- Born: July 27, 1931 Brooklyn, New York, U.S.
- Died: May 27, 2013 (aged 81) New York, U.S.
- Occupations: Historian, educator, writer, college professor
- Spouse(s): Eugene Genovese William Haywood Nuchow
- Relatives: Mark Lane (brother)

= Ann J. Lane =

Ann J. Lane (July 27, 1931 – May 27, 2013) was an American educator, historian, and author that was considered to be a pioneer in the fields of women’s history and women’s studies. Before retiring in 2009 she worked at the University of Virginia as a professor of history and director of the women’s studies program.
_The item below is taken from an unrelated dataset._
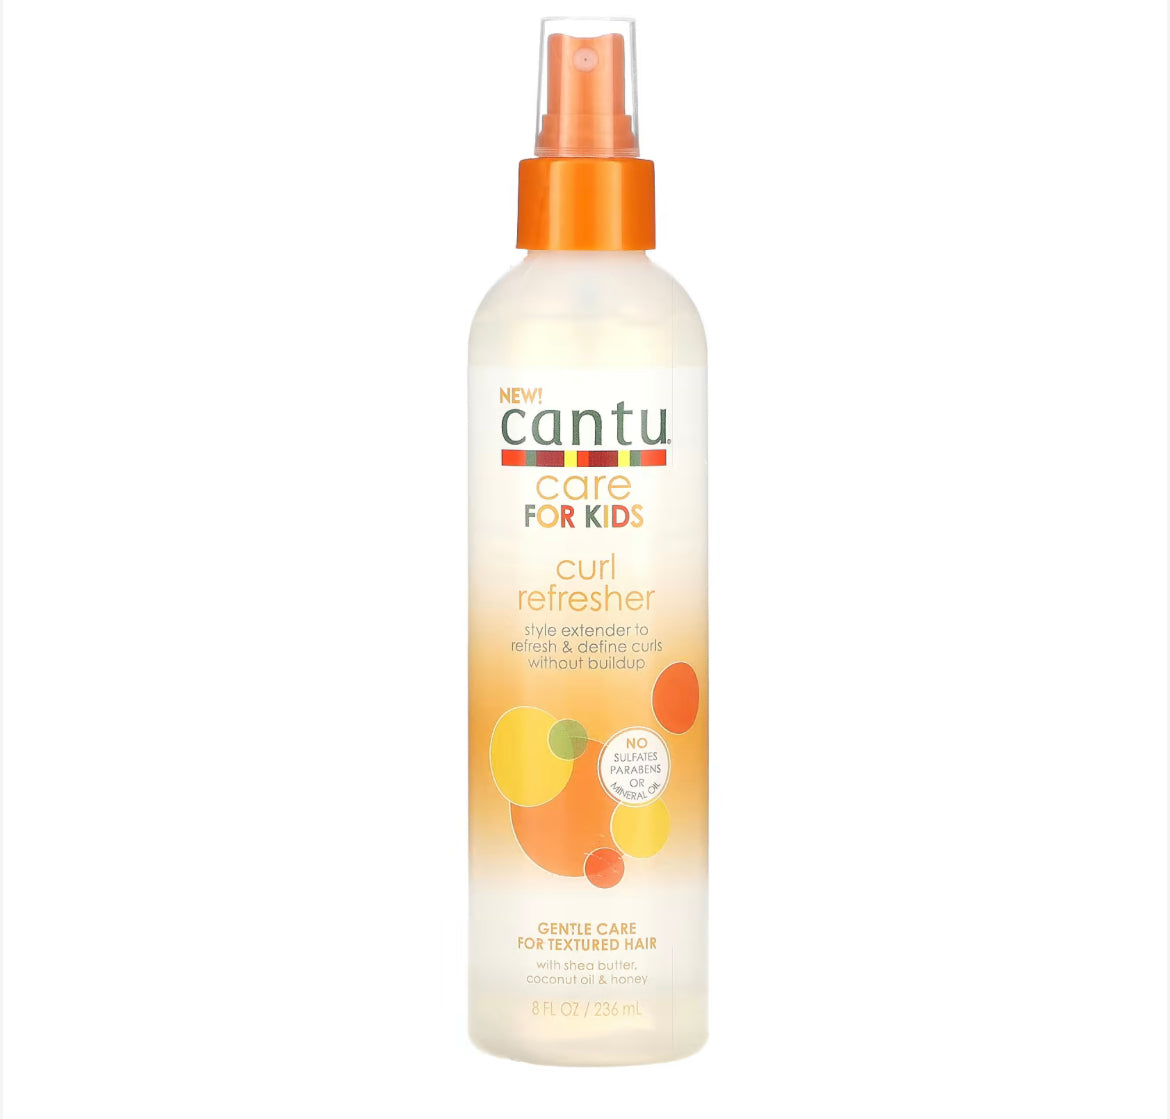 CANTU FOR KIDS: CURL REFRESHER

== Early life and education ==
Lane was born in Brooklyn, New York, the daughter of Harry A. Lane and Betty Brown Lane. Her father was an accountant. She graduated from Brooklyn College with a bachelor's degree in English in 1952. She earned a master's degree in sociology from New York University in 1958, and completed doctoral studies in American history from Columbia University in 1968. Her brother was the lawyer and activist Mark Lane.

== Career ==
Lane taught at Douglass College Rutgers University from 1968 to 1971, and at John Jay College of Criminal Justice from 1971 to 1983. She debated anthropologist Lionel Tiger at the first Berkshire Conference of Women Historians in 1973. From 1977 to 1983, she held a research fellowship at the Harvard Radcliffe Institute. She established women's studies programs at Colgate University, where she taught from 1983 to 1990, and at the University of Virginia, where she was a professor from 1990 to 2009. She retired in 2009.

In 2005, the History News Network published a report about accusations of plagiarism in Lane's 1968 dissertation. Lane herself admitted there were unattributed passages that should have been credited to other authors, but denied any intent to deceive.

==Publications==
- The Debate over Slavery: Stanley Elkins and His Critics (1971)
- The Brownsville Affair: National Crisis and Black Reaction (1971)
- Mary Ritter Beard: A Sourcebook (1977)
- To Herland and Beyond: The Life and Work of Charlotte Perkins Gilman (1990)
- "'Consensual' relations in the academy: Gender, power, and sexuality" (1998)

===As editor===
- The Living of Charlotte Perkins Gilman by Charlotte Perkins Gilman (1991)

== Personal life ==
Lane was married to historian Eugene Genovese. Her second husband was labor leader William Haywood Nuchow. She had two daughters and died in 2013, at the age of 81, in New York.